Unutulan renkleri hatırlatan bir sabah. Savrulan anılarla uyandığım… İçim sıkılıyor çünkü bugün en sevmediğim konulardan biri için destek vereceğim. Boşanma!

Dün idi. Önce telefonda titrek bir ses. Ben boşanma davası bakmam ki. Ama sizi tanıyorum ve sizden başkasına güvenemem diyor. O kadar titrek ki sesi. İşin içinde “güvenmek” ve “kurtarılmak” kelimeleri girdiğinde “hayır” kelimesi benim için sözlükten çıkıyor. Beklerken içim sıkılıyor. Kafamın içinde bir yankı. “Ben boşanma davası bakmam ki”.

Bir anne geliyor karşıma. Dünya güzeli bir kadın. Bakımsız kalmış gözleri ağlamaktan, bakımsız kalmış yüreği yalnızlıktan.

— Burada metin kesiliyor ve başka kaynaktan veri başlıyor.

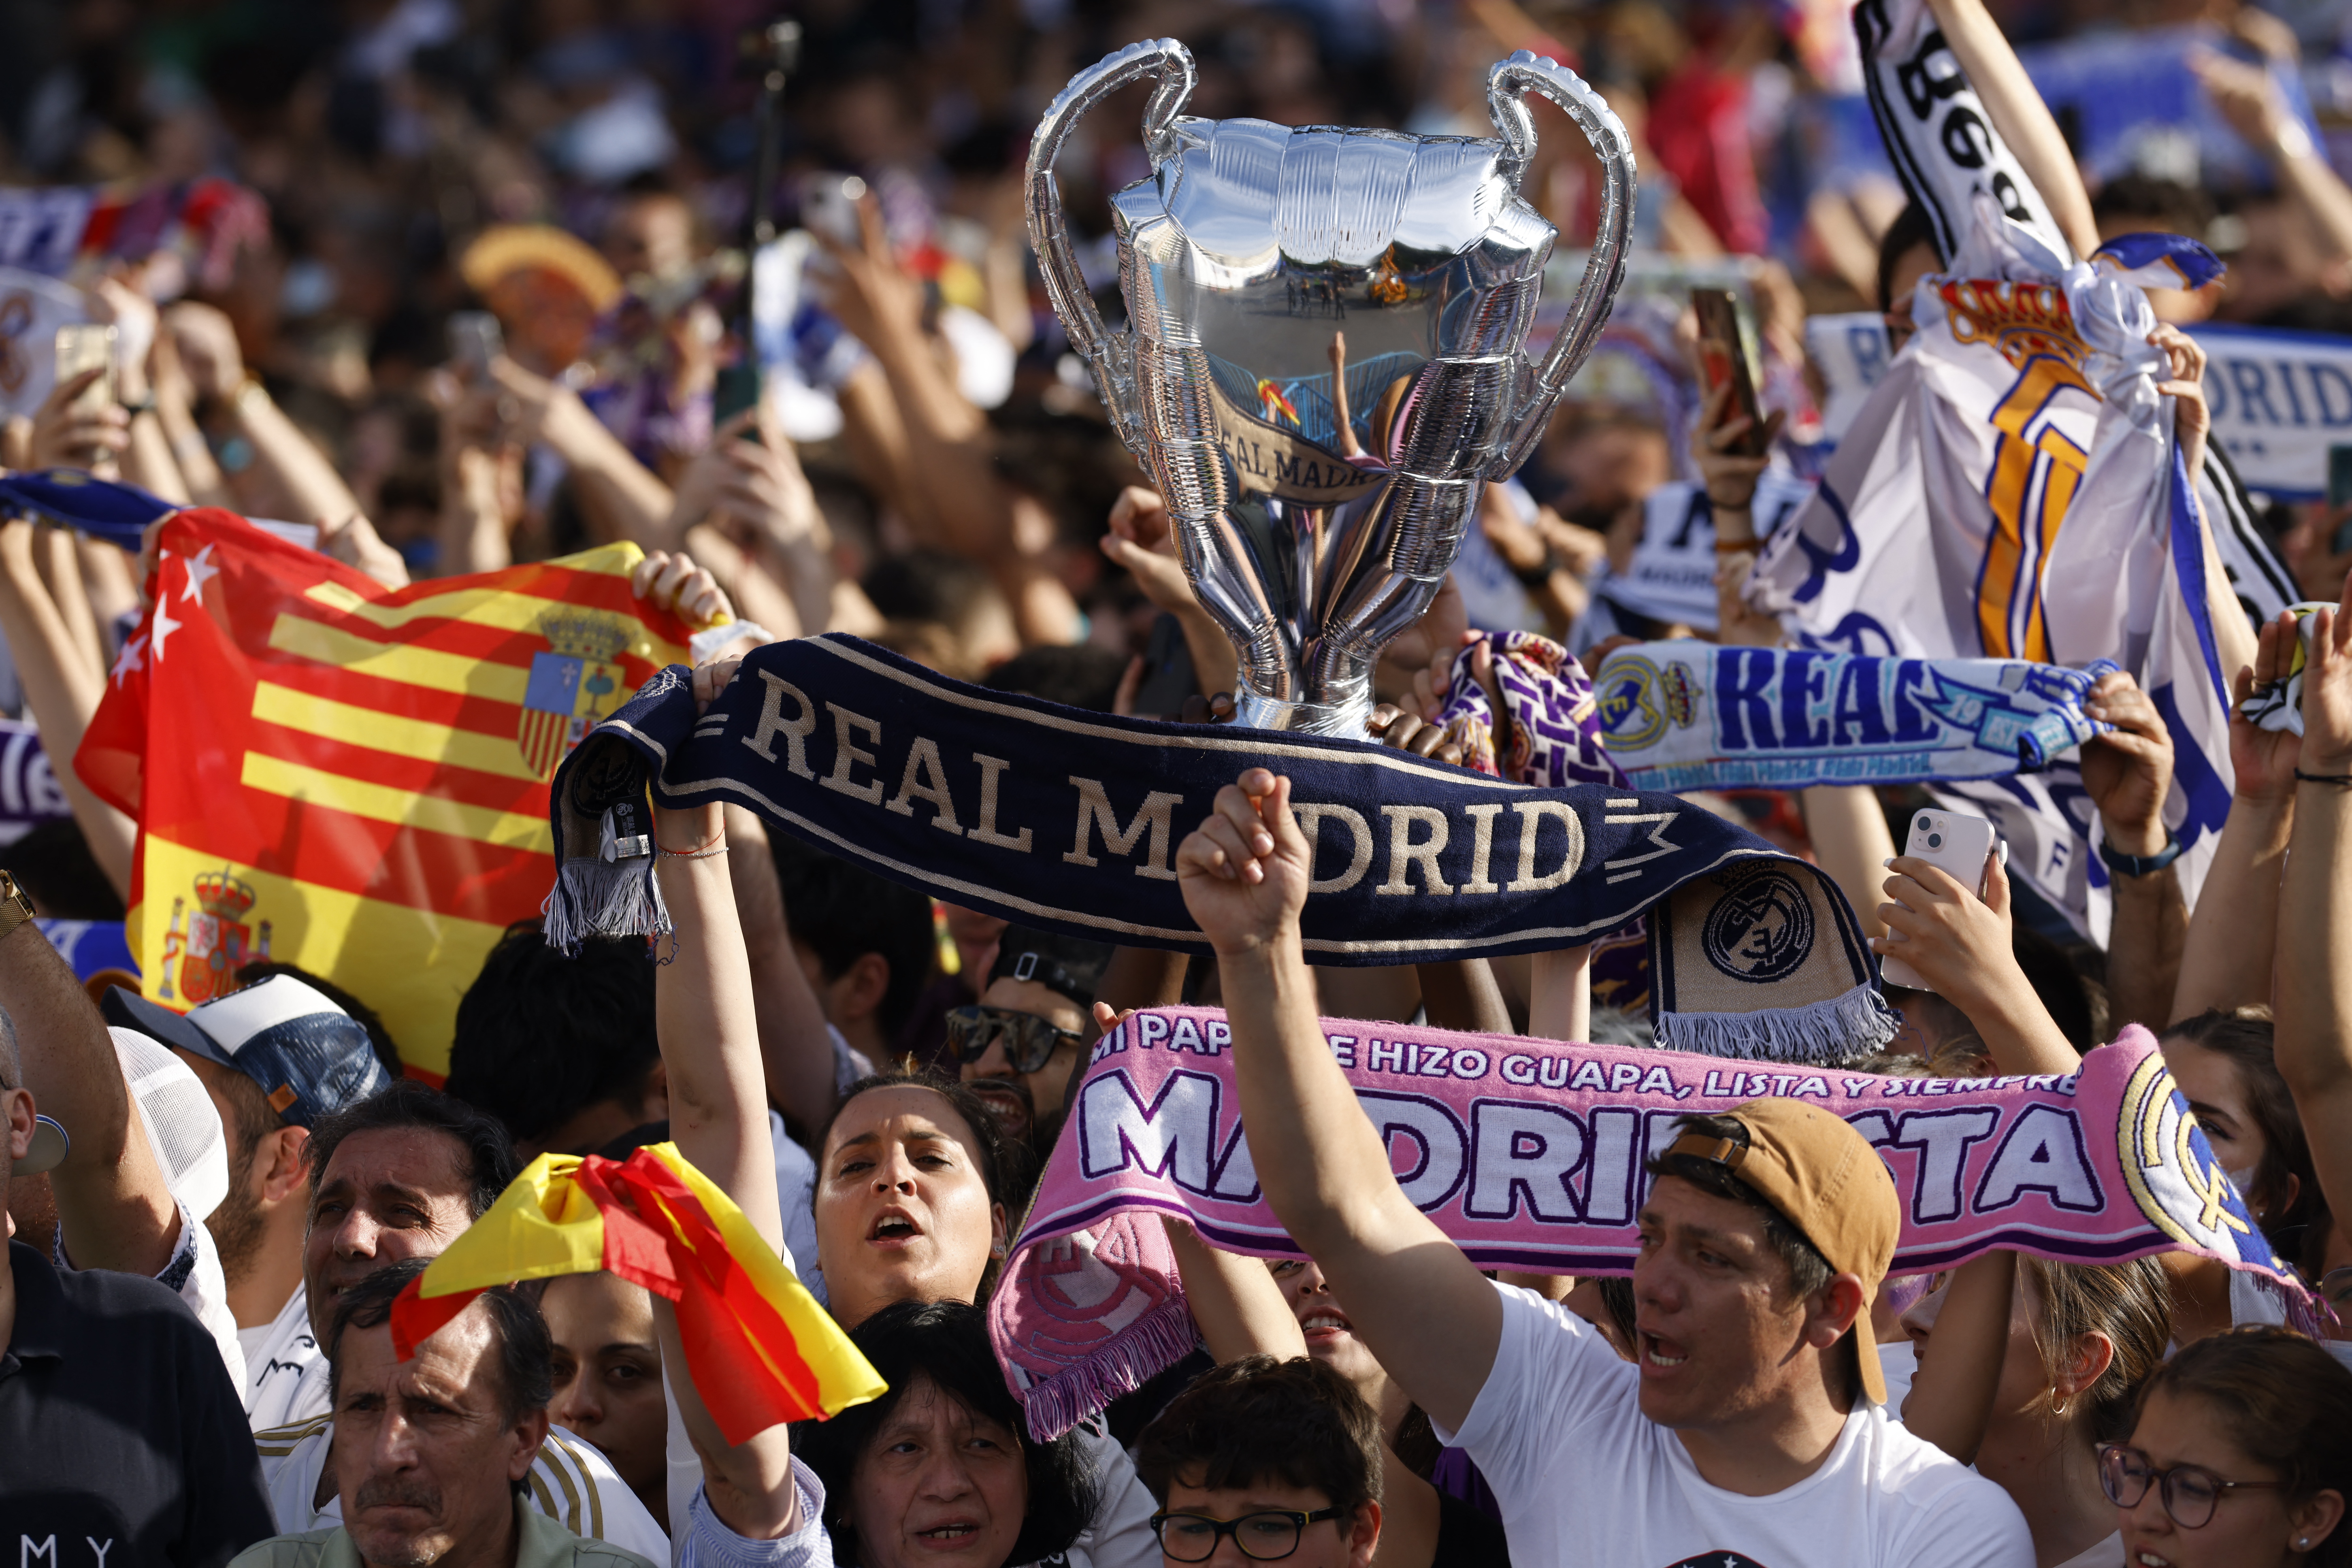 Real Madrid Fans. Real Fans. Real Madrid's Fans Famale.
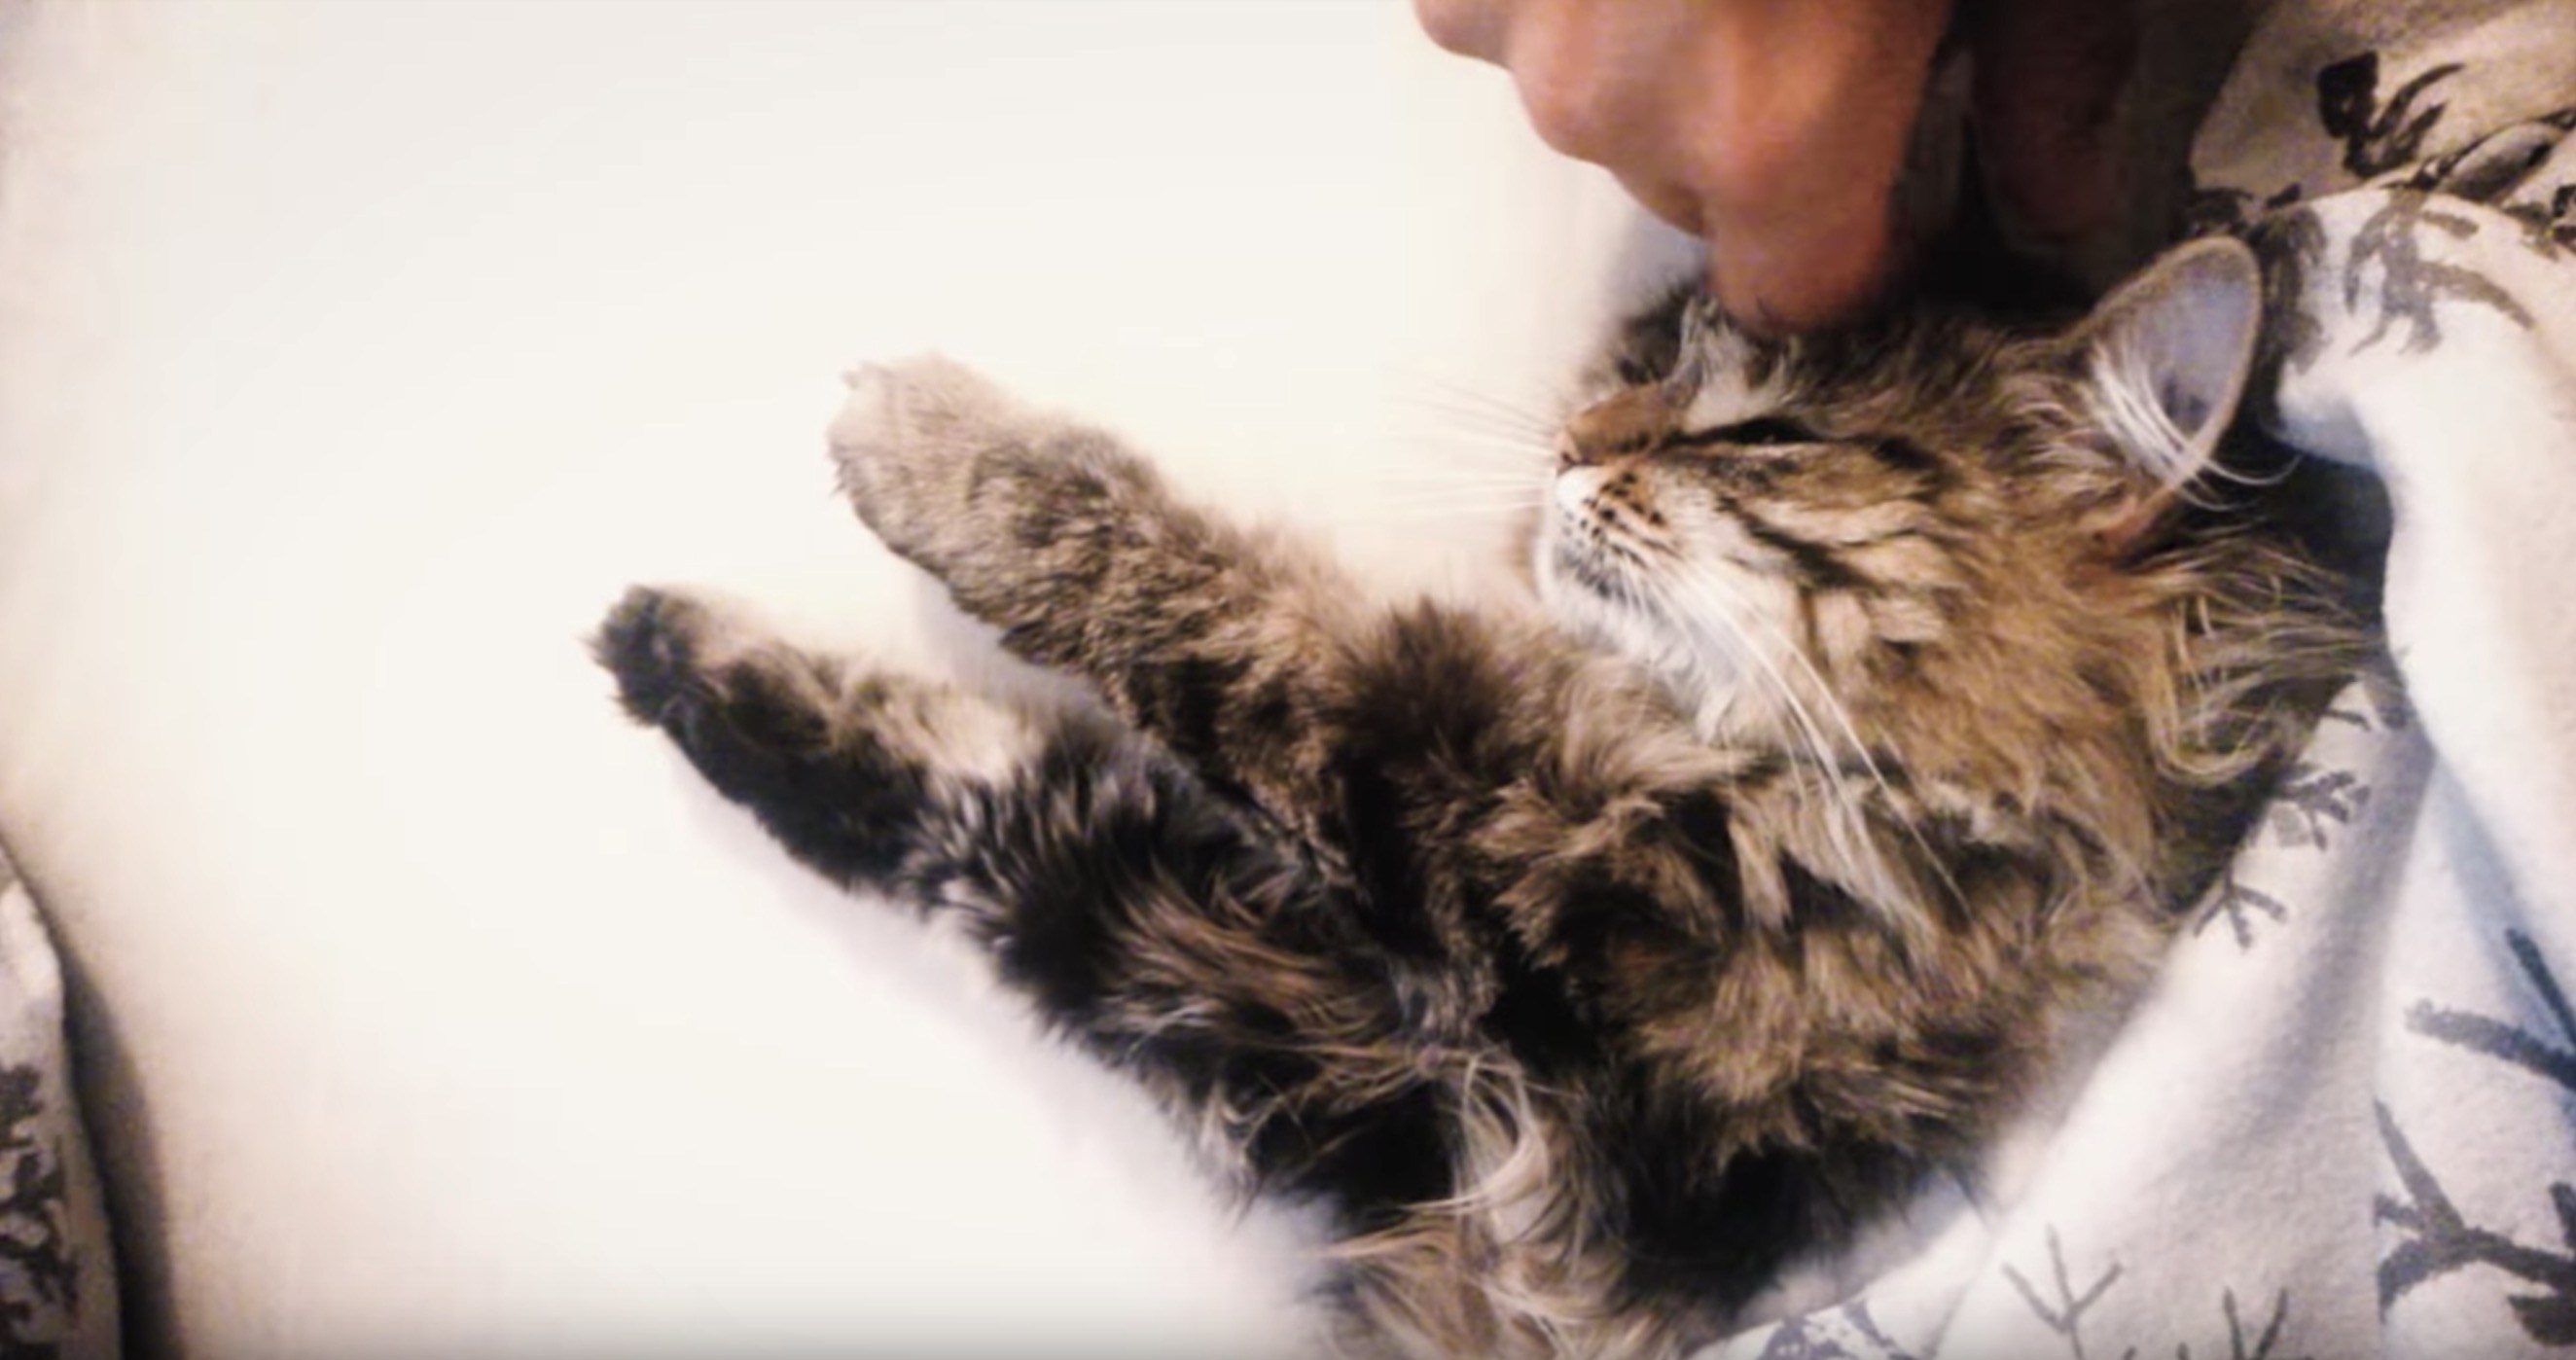 フルコースマッサージに癒される猫、なぜか見ている人も癒され

O anlattıkça sarılmak istiyorum. Evet evet, ben sarılmam. Sarılmak istemediğimden değil ama. Konu özetle: anne olmak istemiş, annelikten mutlu. Adam evde vakit geçirmek istemiyor. Çocuğu ile arada bir oynuyor. Oyun arkadaşı yani. Sonra ortalıktan kayboluyor. Sürekli mesaide. Aldatılıyor mu bilmiyor kadın. Esasen aldatılıyor olsa bile umrunda değil. Yorulmuş. Her şeyle mücadele etmekten yorulmuş. Ben çocuğu istedim, anlaşalım, boşanalım yeterki diyor. Kadın üzgün. Ağlayarak gidiyor. Adamı arıyorum. Yılgın bir ses. Ofise gelip anlaşma koşulları üzerinde görüşmek istiyor. Müvekkilimden onay alıyorum. Adam geliyor. Hikaye aynı hikaye değil bence. Tanışmışlar, aşık olmuşlar. Arkadaş olmamışlar. Olamamışlar çünkü hızlıca evlilik, çocuk, bir anda kucakta bebek. “Çocuk güzel ama” diyor, “ben hiçbir şey paylaşamıyorum.” “Aldatmıyorum eşimi. Ama eşim kelimesinin cevabını onda bulamıyorum. Niye konuşmadıklarını soruyorum. “Ne konuşacağımı bilmiyorum ki” diyor. Gidiyor. Düşünmeye başlıyorum.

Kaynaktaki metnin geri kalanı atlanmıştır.